I applied through an employee referral. The process took 4 months. I interviewed at Thoughtworks in Dec 2014
Interview
Started off with a few phone interviews, while they were deciding which position I might best be fit for and eventually I was invited in for an in-person interview. The interview process I went through seemed like it was for a different job than the one described to me over the phone. My take away is that this is a company that wants to build out their design staff, but doesn't have a hiring process for designers in place. When talking with my recruiter, it seemed as though this would be a 50% design and 50% business role, but when I went in for my interview, I was told it would be almost completely business analyst. I was also told that even if design work came up that would be a good fit for me, and I was already assigned on a project as a business analyst, I would not be taken off to help on the design. Since design roles coming up seemed rare already, it got the vibe that I might not be doing any design at all. I started off my interview day by talking with designers, but then my next two interviews were focused on business and how much of a business role it would be.
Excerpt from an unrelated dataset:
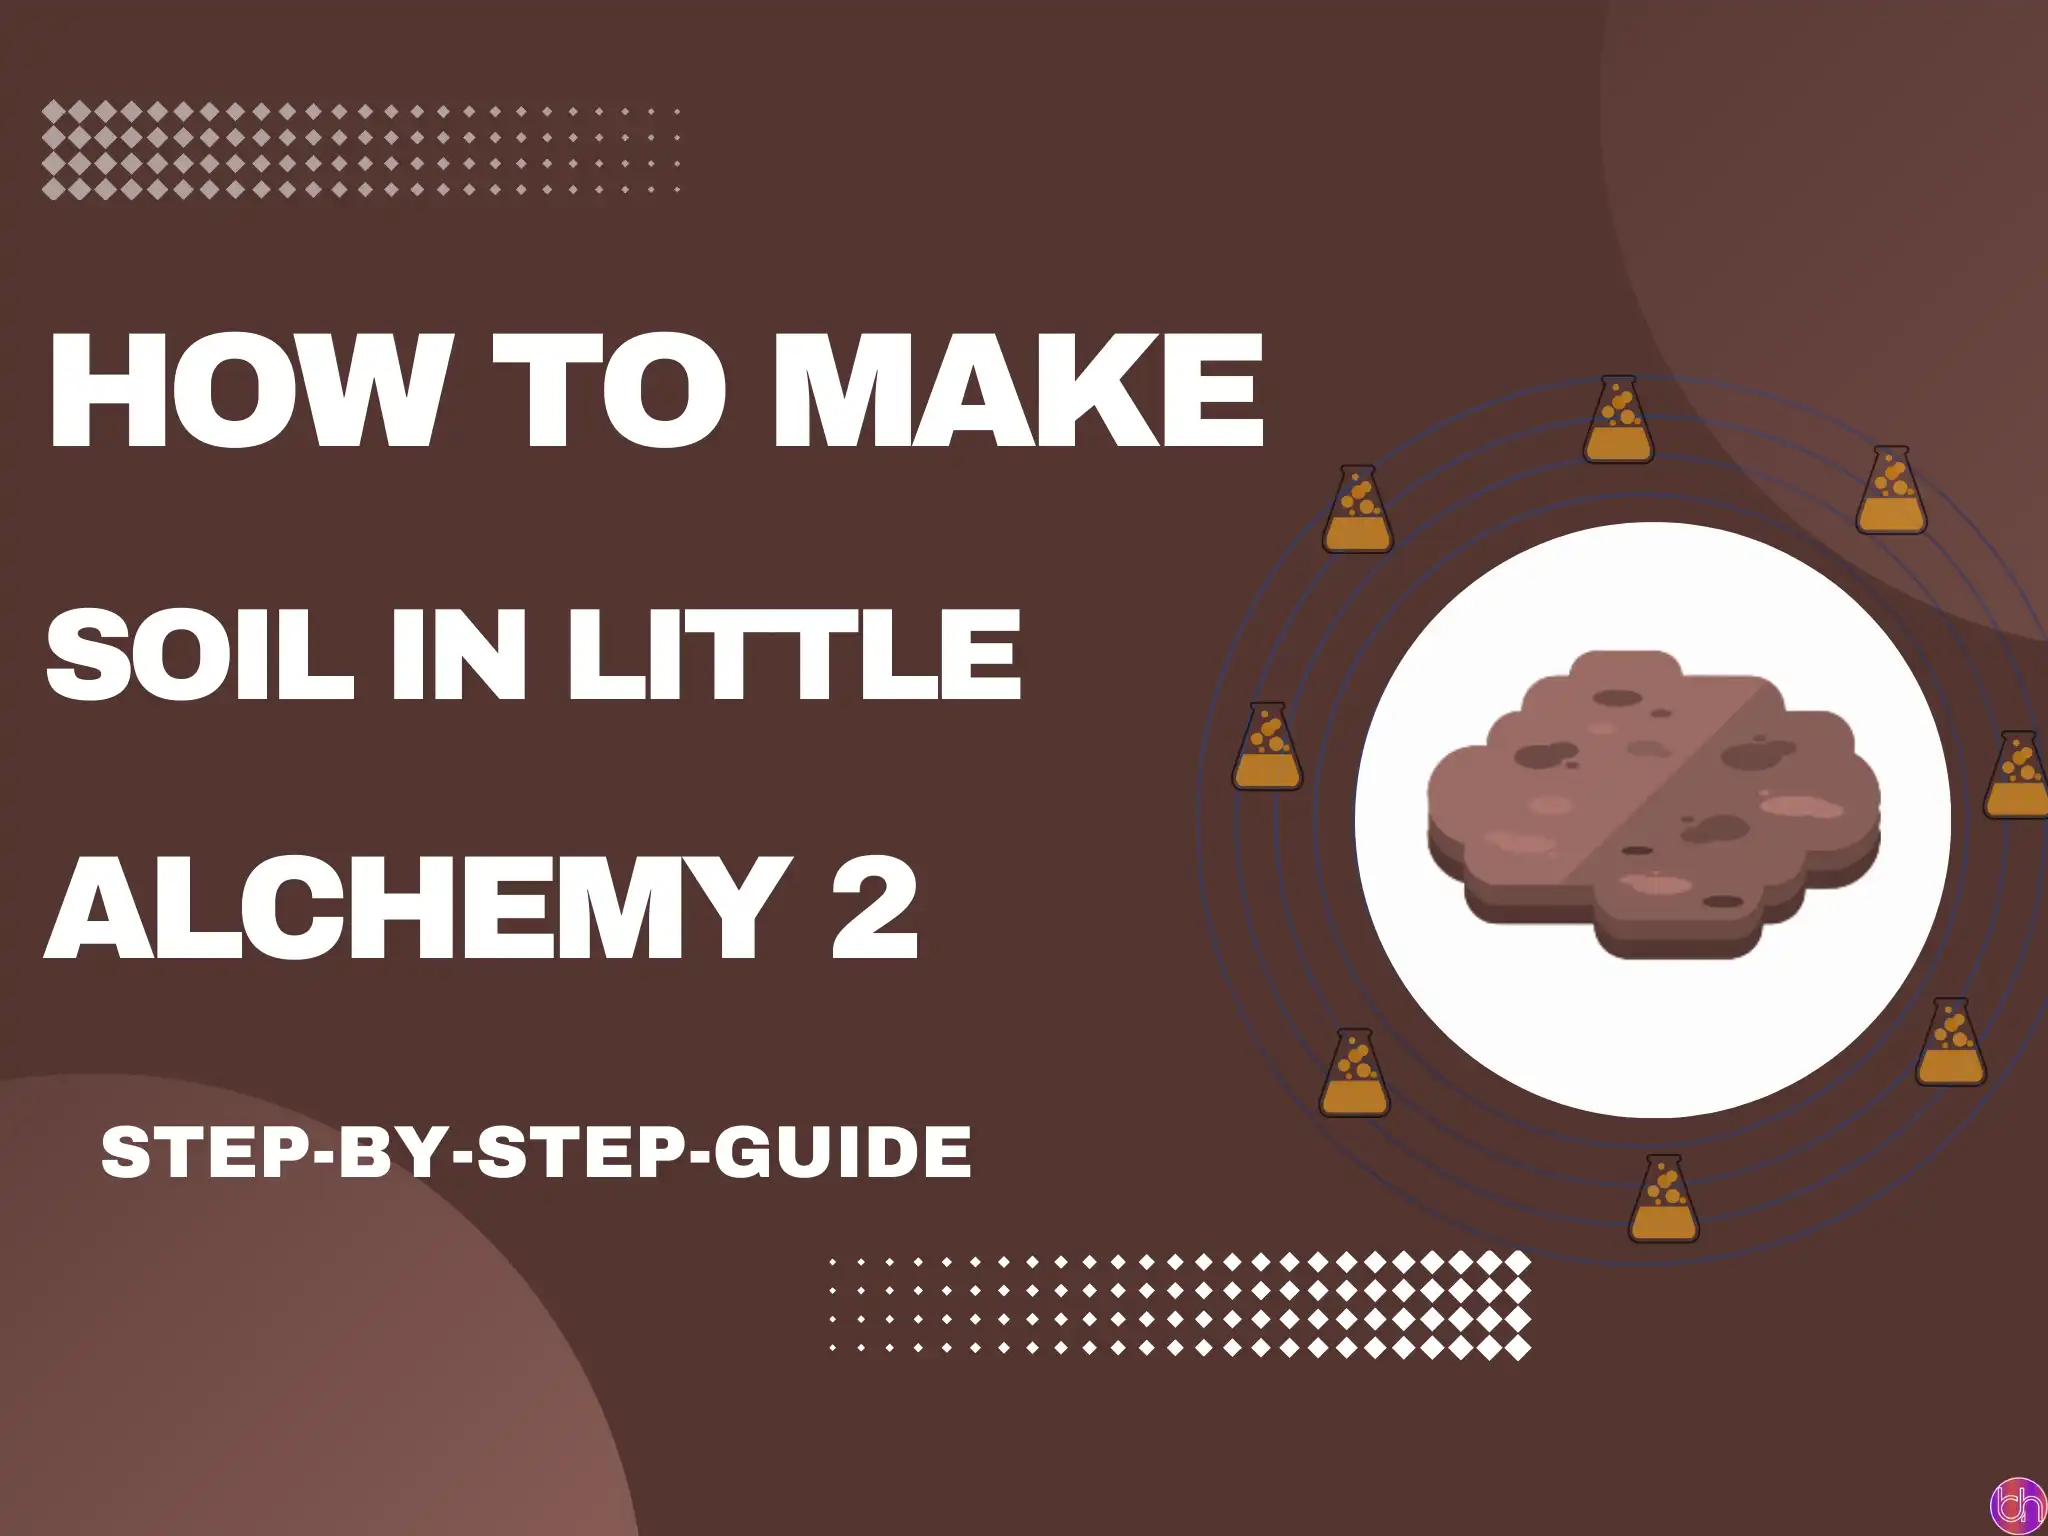 How to make Soil in Little Alchemy 2

Overall thought: this is pretty much solely a business analyst role.
Interview questions [1]
Question 1
Business Analyst interview - they ask you to redesign a kitchen and give you two ThoughtWorks employees to act as your clients. They want you to think about the "problem" of redesigning a kitchen in a very analytical, logical, and business-like way, not at all as a designer. This was unexpected to me because, as mentioned above, I didn't understand until my values interview (which was after my business analyst interview) that about 80% of the role would be business analyst, not design. Also, I thought as my background is in design, I didn't think it would necessarily be bad to bring some design thinking in and I thought the interviewers would be more understanding of that than they were.
Work with your recruiter to understand how they are going to expect you to balance business and design in this role so that you can prepare to show the right skills in your interviews.
They also give a logic assessment, which was difficult for me as a designer, but overall not too bad - I answered about 7 of the 11 questions. The Wonderlic text (IQ test) wasn't too bad - I was nervous and only got through about 35 of 50 questions, but an average score is a 22, so I think I scored well above average. For these tests, my advice is to prepare a bit in the week or so leading up (you can find sample questions from both tests online) just so you know what to expect.